Kesalahan diagnosa yang paling sering terjadi adalah PID, diikuti oleh gastroenteritis
dan infeksi saluran kemih. Dalam membedakan nyeri apendiks dari PID, anoreksia dan
onset nyeri lebih dari 14 hari setelah menstruasi menunjukkan radang usus buntu. PID
sebelumnya, keputihan, atau gejala kencing menunjukkan PID. Pada pemeriksaan fisik,
nyeri di luar RLQ, nyeri tekan serviks, keputihan, dan urinalisis positif mendukung
diagnosis PID.
Anak-anak dengan radang usus buntu yang salah terdiagnosis lebih mungkin
dibandingkan rekan mereka yang muntah sebelum onset rasa sakit, diare, konstipasi,
disuria, tanda dan gejala infeksi saluran pernapasan bagian atas, dan kelesuan atau
iritabilitas. Temuan fisik cenderung tidak didokumentasikan pada anak-anak dengan
kesalahan diagnosa dibandingkan pada orang lain termasuk suara usus; tanda
peritoneal; temuan dubur; dan temuan telinga, hidung, dan tenggorokan.

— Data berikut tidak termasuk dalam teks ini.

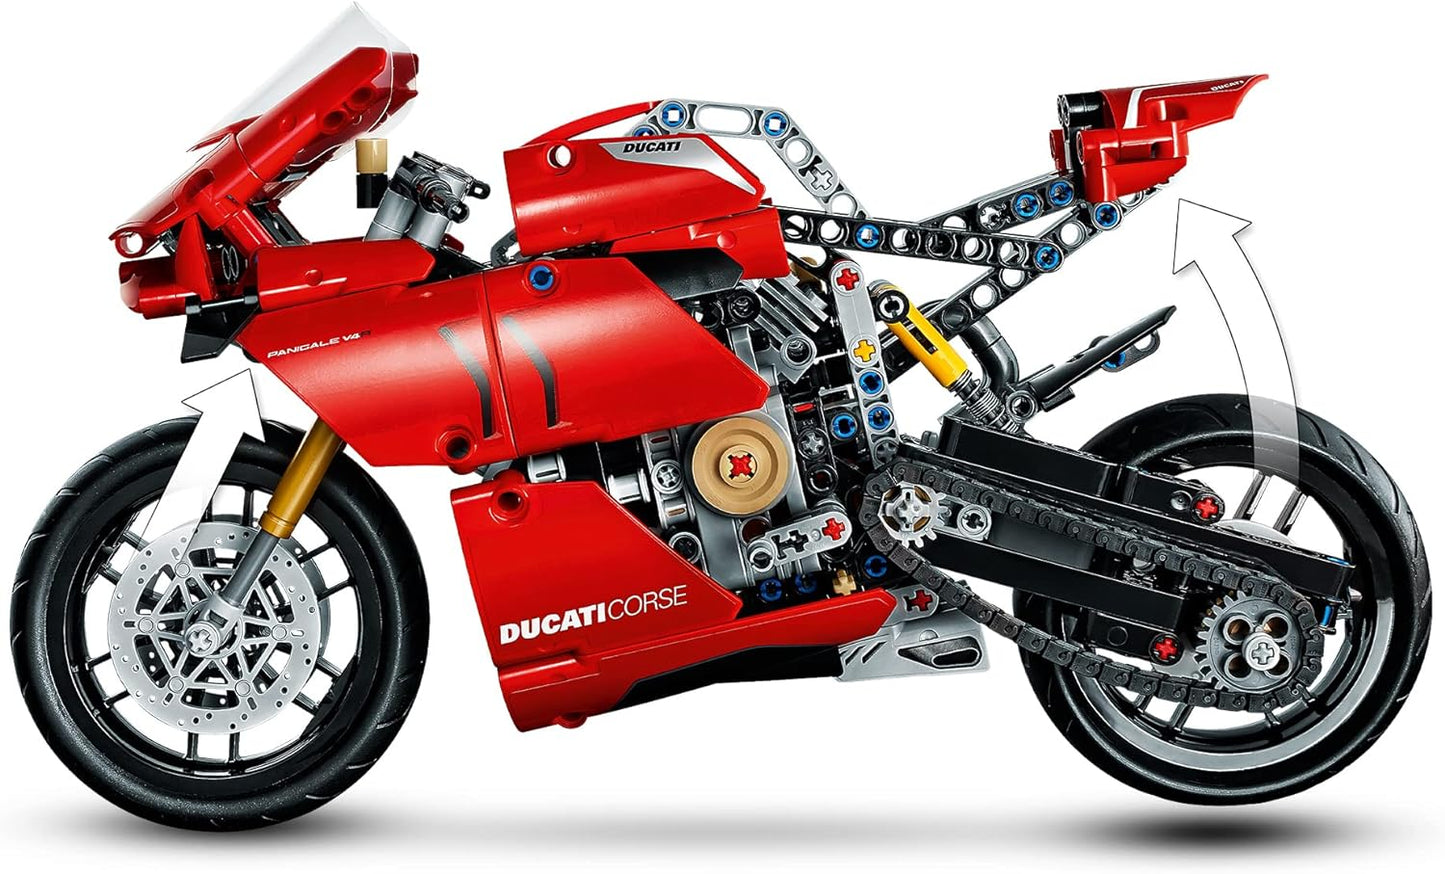 LEGO 42107 Technic Ducati Panigale V4 R Motorbike, Collectible Superbike Display Model Building Kit with Gearbox and Working Suspension, Gift Idea, 10 year +

Apendisitis pada pasien yang berusia lebih dari 60 tahun menyumbang 10%
dari semua appendectomies. Kejadian misdiagnosis meningkat pada pasien lanjut usia.
Pasien yang lebih tua cenderung mencari perawatan medis kemudian dalam
perjalanan penyakit; Oleh karena itu, durasi gejala yang melebihi 24-48 jam sebaiknya
tidak menghalangi klinisi dari diagnosis. Pada pasien dengan kondisi komorbid,
penundaan diagnostik berkorelasi dengan peningkatan morbiditas dan mortalitas.